The 160th anniversary of freedom for Florida's enslaved people brought hundreds of folks to Tallahassee's Emancipation Day celebration on Tuesday, May 20.
The day began with a memorial. Nearly three-dozen Black union soldiers are buried in the western quadrant of the Old City Cemetery. Their internments came at a time when even graveyards were racially segregated. Today, there are those who insist the sins and mistakes of the past are best forgotten. But Katelyn Palmer, an FSU student affiliated with the school's Civil Rights Institute, had a different take.
"One major thing that I think goes into that feeling of threat is guilt. No one wants to be considered a bad guy or an antagonist in anyone else's story."
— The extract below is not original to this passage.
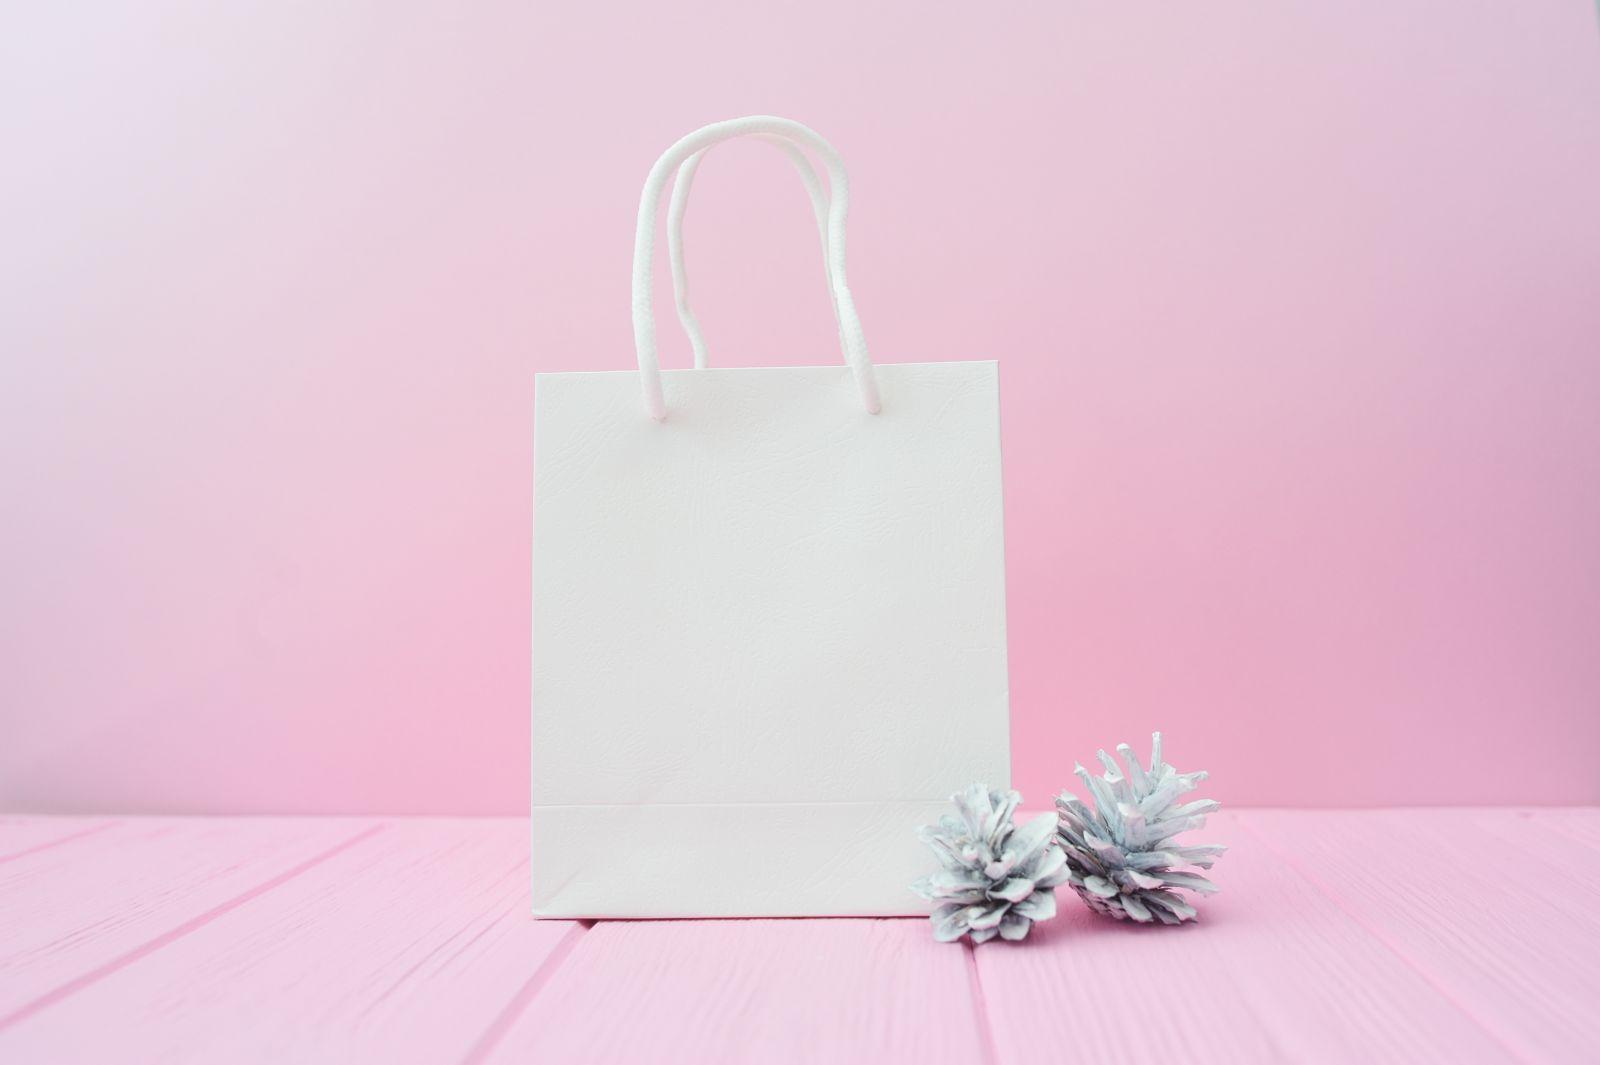 Mua túi giấy kraft trắng số lượng ít ở Xưởng in 2T

Although she considered it impossible to avoid past errors if addressing them is also avoided. Following the graveyard memorial, Emancipation Day activities moved a few blocks east to the Knott House at the corner of Park Avenue and Calhoun Street. Hundreds of people gathered for the traditional reading of the Emancipation Proclamation by Brian Bibeau, once again decked out as Union General Edward McCook. Accompanied by members of the Second Infantry Colored Troops, Bibeau delivered President Lincoln's historic document on the very same spot as the real-life McCook, 160 years before.

The significance was not lost on Professor Ralph Noble. He and around 50 students from South Carolina State University were in town for a workforce conference at sister HBCU, Florida A&M University. He thought the event's message was powerful.
"To understand things that happened in the past and knowing your history. Knowing why we hid it and some idea of difficult trends we've had in the past to make sure we don't tread the same pathways. And to look forward to new growth."
Jonathan Grandage is now the public engagement and historic sites development director for the Florida Department of State. He was greatly impressed by the large crowd at the Knott House event, noting that Professor Noble and his students weren't the only out-of-town visitors.
"It's not a local-only event. It's a statewide event and here, a region-wide event. And then we're learning from each other how those places continue it, in addition to the things we know from the national level. So for a historian or an anthropologist studying this today, it's history in the making!"
Florida Emancipation Day 2025. At the very spot where it actually happened, 160 years ago.